Like Jacob’s pillar at Bethel, the Sacred Heart of Jesus is a symbol that can remind devotees of the connection between the “outside” and the “inside,” that we are immersed in a God who loves us completely, continually and unconditionally. But before I get too far with the Sacred Heart, let’s circle back to the surprising Anglican context to which the Sacred Heart owes much of its devotion. I was shocked to discover this context…
Adjoining St. James’ palace in London is the Queen’s Chapel. Though today it is an Anglican church, the Queen’s Chapel was built in the early 17th century for Henrietta Maria of France, the Roman Catholic wife of Charles 1. (Charles 1 is the king after whom Charles St. on Beacon Hill is named, and after whom the Charles River is named.) The Queen’s Chapel was the first Roman church built in England since the time of the Reformation, and I believe the only one for about 100 years after that! The Chapel served Henrietta Maria, and then also the wife of her son, James II, Mary of Modena. The Chaplain to Mary of Modena was one Fr. Claude de la Colombiere, a Jesuit who promoted devotion to the Sacred Heart. It is through de la Colombiere that, in the midst of the household of the Supreme Governor of the Church of England, devotion to the Sacred Heart was given the energy and impetus it needed to grow… and to plant statues of the Sacred Heart in thousands of front yards and gardens across the United States. Perhaps you’ve seen them: Jesus stands pointing to – and sometimes holding – his heart, which is surrounded by thorns and topped with a flaming cross. The Sacred Heart is a symbol of God’s complete, continual and unconditional love, and it reminds me that this love is not only to be known in the head, but also felt in our core (our “coeur,” as the French say), and it is a symbol of the outside being connected to the inside, that we can notice and even relish God’s love that is always around and within us.

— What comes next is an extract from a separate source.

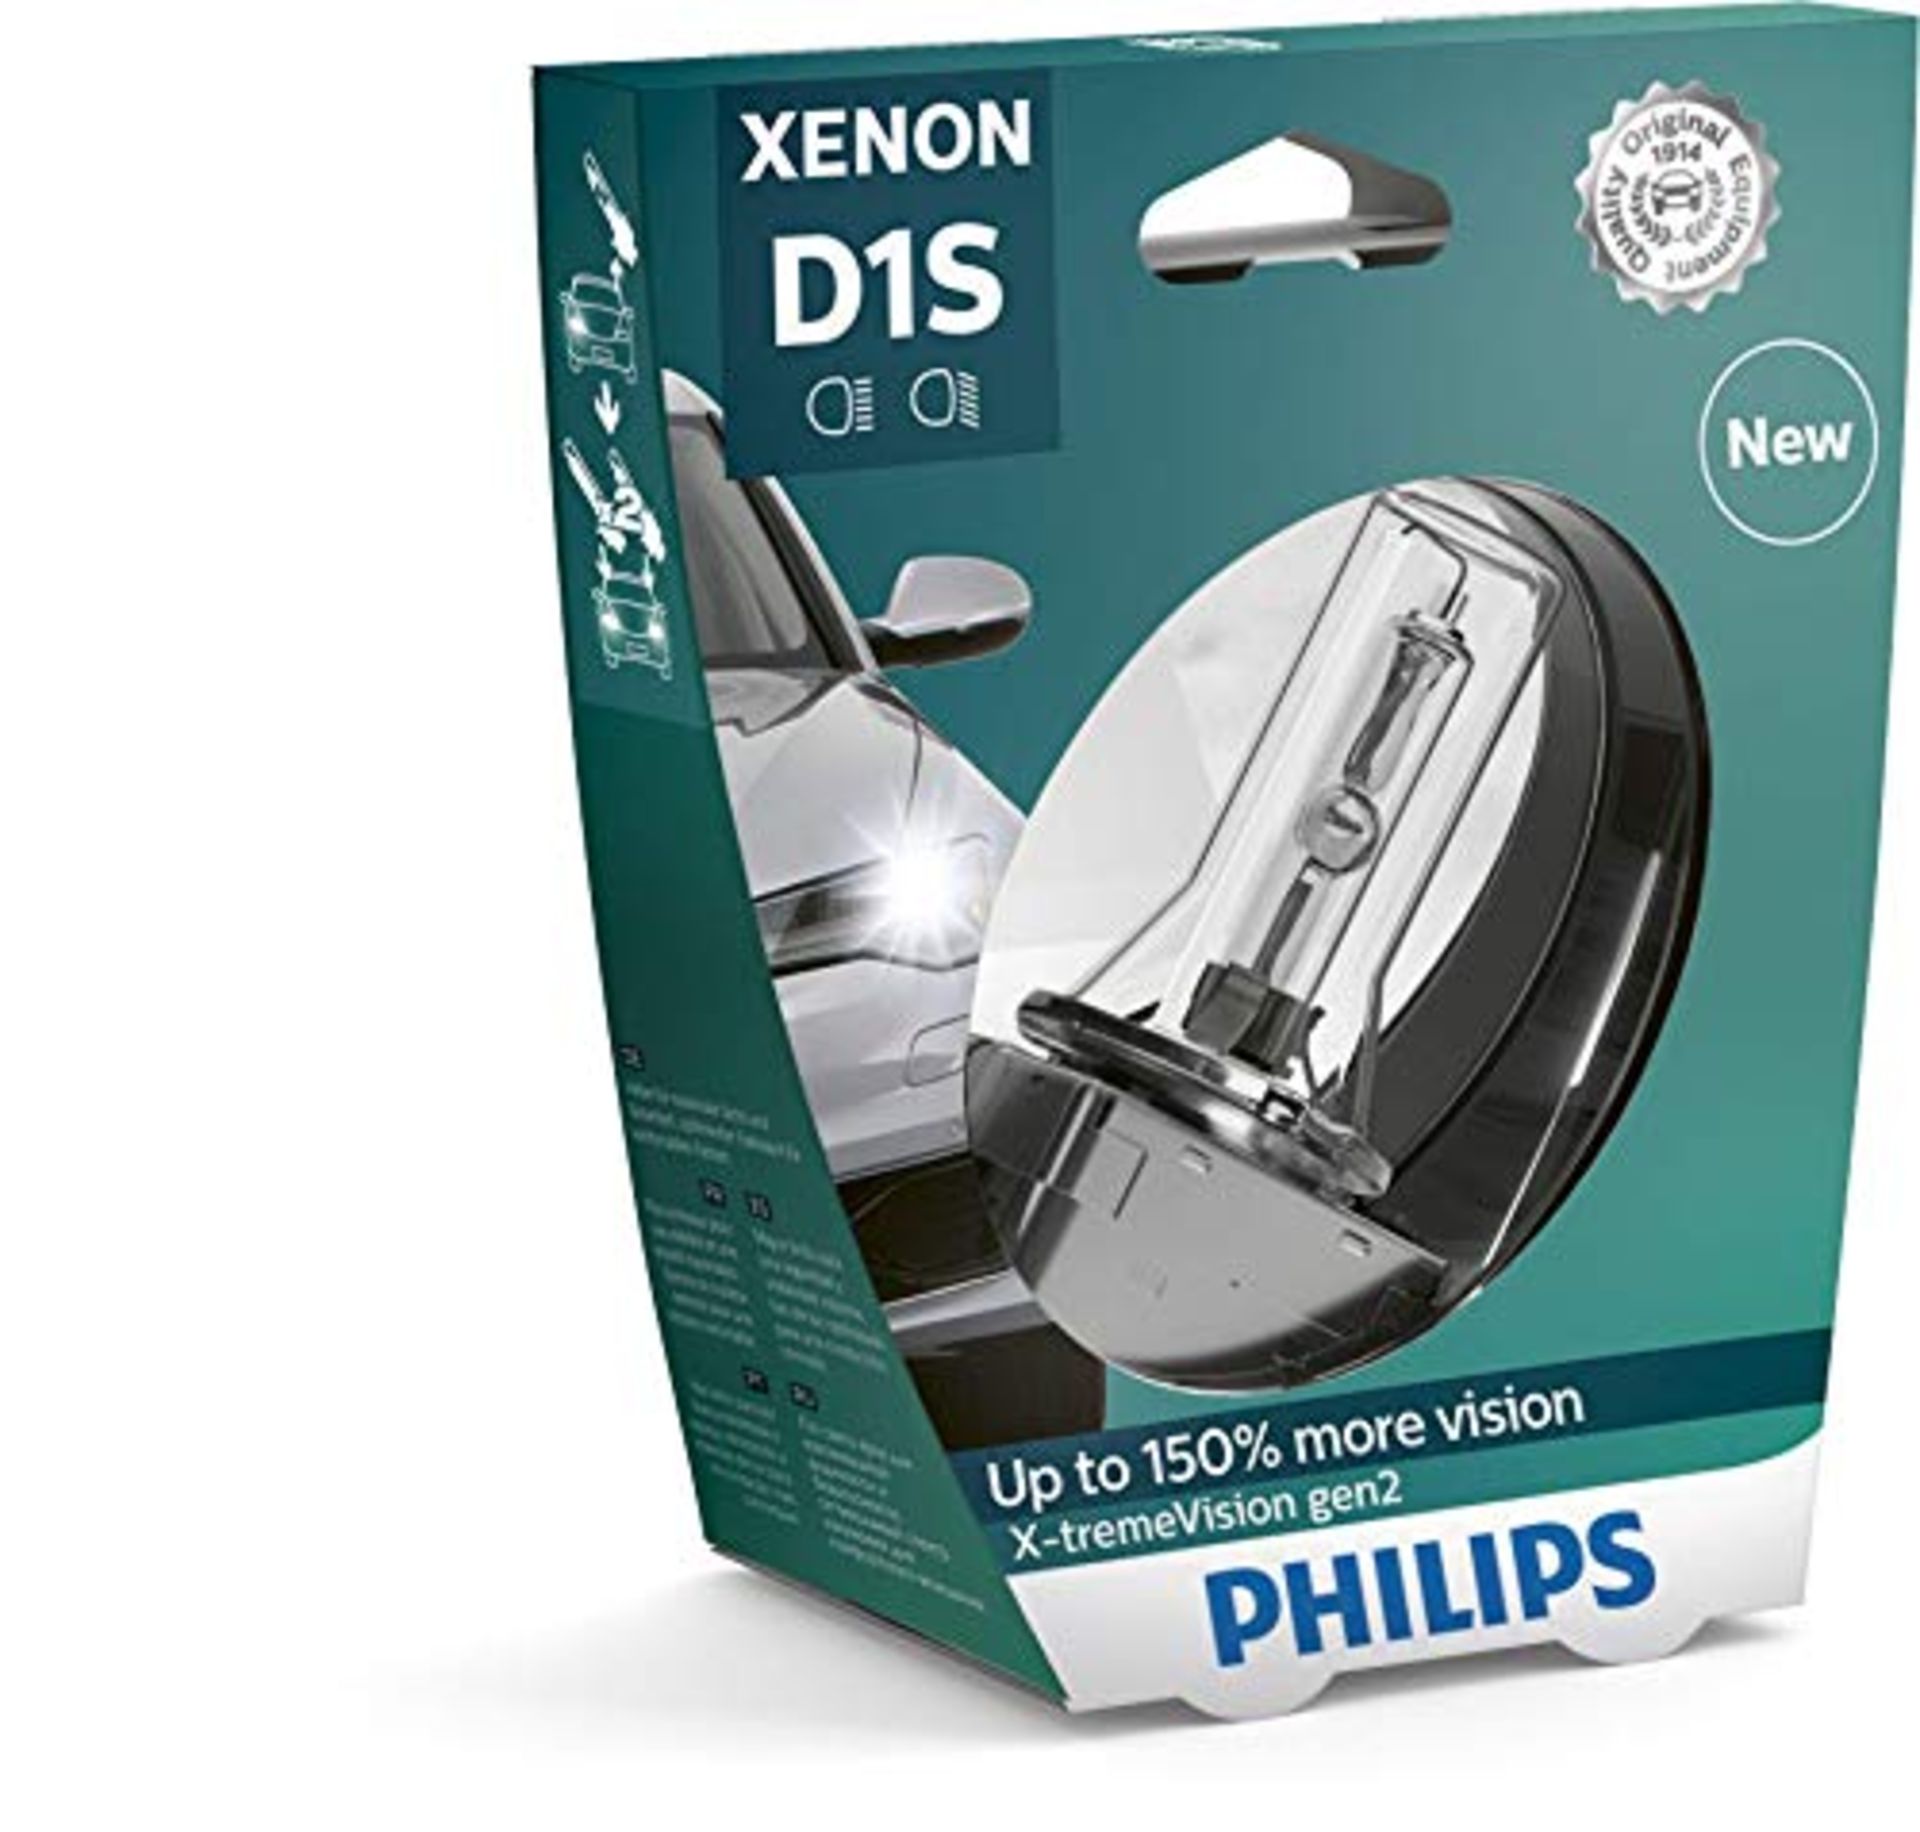 RRP £65.00 Philips 85415XV2S1 X-tremeVision gen2 Xenon headlight bulb D1S, single blister

If the monarch and head of the Church of England was OK with having a devotion to the Sacred Heart in one of his chapels, maybe we can give ourselves permission to at least footnote it in our tradition…
We may or may not be might inclined to a devotion to the Sacred Heart of Jesus, but we live in a town that has a Sacred Heart Church, that has a Newton Country Day School of the Sacred Heart, that has statues in people’s gardens of Jesus pointing to or holding his Heart. I wonder if, when we drive by these institutions or statues, we might not let them remind us that “the Lord is in this place,” that we are immersed in a God who loves us completely, continually and unconditionally, and that it is possible for the outside to be connected to the inside, for us to know – and relish! – God’s intense love for each and every one of us.